- Other names: Non-anion gap acidosis
- Specialty: Endocrinology, nephrology

= Normal anion gap acidosis =

Normal anion gap acidosis is an acidosis that is not accompanied by an abnormally increased anion gap.

The most common cause of normal anion gap acidosis is diarrhea with a renal tubular acidosis being a distant second.

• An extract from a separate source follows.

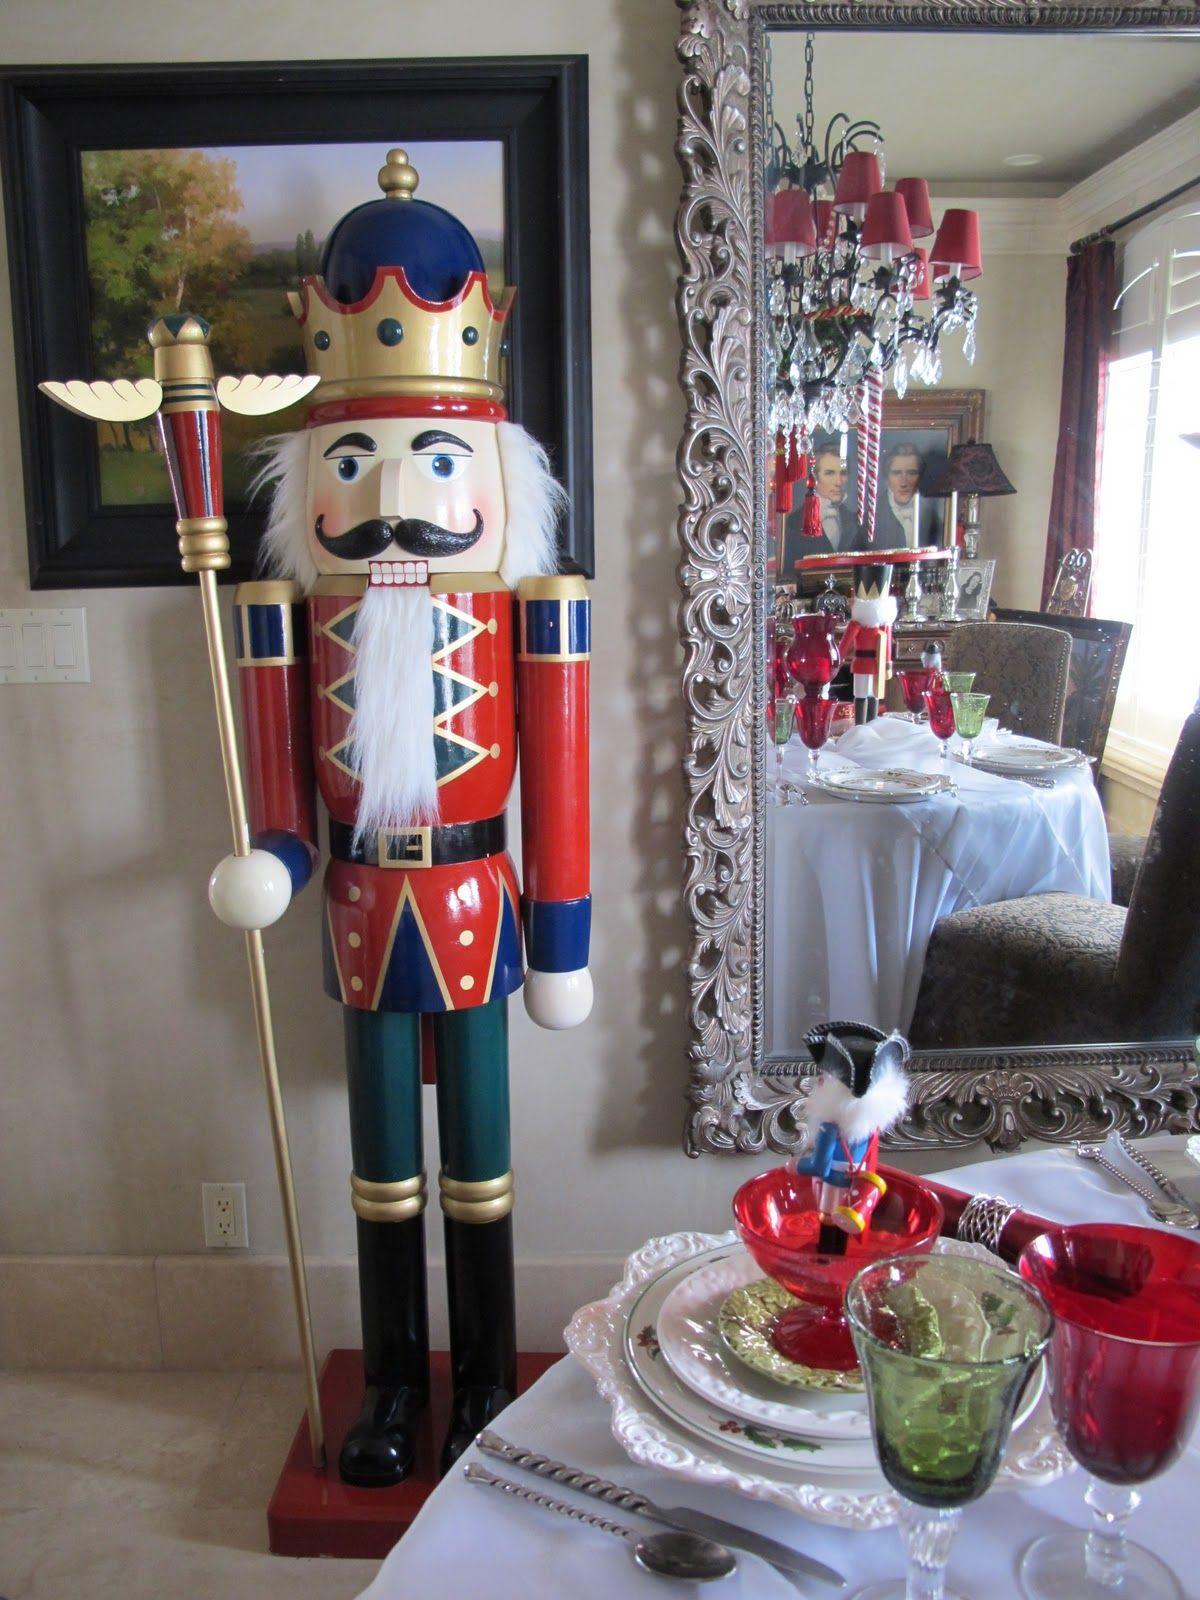 6 Ft Nutcracker Christmas Christmas Decorations

==Differential diagnosis==
The differential diagnosis of normal anion gap acidosis is relatively short (when compared to the differential diagnosis of acidosis):
- Hyperalimentation (e.g. from TPN containing ammonium chloride)
- Chloride administration, often from normal saline
- Acetazolamide and other carbonic anhydrase inhibitors
- Renal tubular acidosis
- Diarrhea: due to a loss of bicarbonate. This is compensated by an increase in chloride concentration, thus leading to a normal anion gap, or hyperchloremic, metabolic acidosis. The pathophysiology of increased chloride concentration is the following: fluid secreted into the gut lumen contains higher amounts of Na^{+} than Cl^{−}; large losses of these fluids, particularly if volume is replaced with fluids containing equal amounts of Na^{+} and Cl^{−}, results in a decrease in the plasma Na^{+} concentration relative to the Cl^{−}concentration. This scenario can be avoided if formulations such as lactated Ringer’s solution are used instead of normal saline to replace GI losses.
- Ureteroenteric fistula – an abnormal connection (fistula) between a ureter and the gastrointestinal tract
- Pancreaticoduodenal fistula – an abnormal connection between the pancreas and duodenum
- Spironolactone
- High ostomy output
- Hyperparathyroidism – can cause hyperchloremia and increase renal bicarbonate loss, which may result in a normal anion gap metabolic acidosis. Patients with hyperparathyroidism may have a lower than normal pH, slightly decreased PaCO2 due to respiratory compensation, a decreased bicarbonate level, and a normal anion gap.

As opposed to high anion gap acidosis (which involves increased organic acid production), normal anion gap acidosis involves either increased production/administration of chloride (hyperchloremic acidosis) or increased excretion of bicarbonate.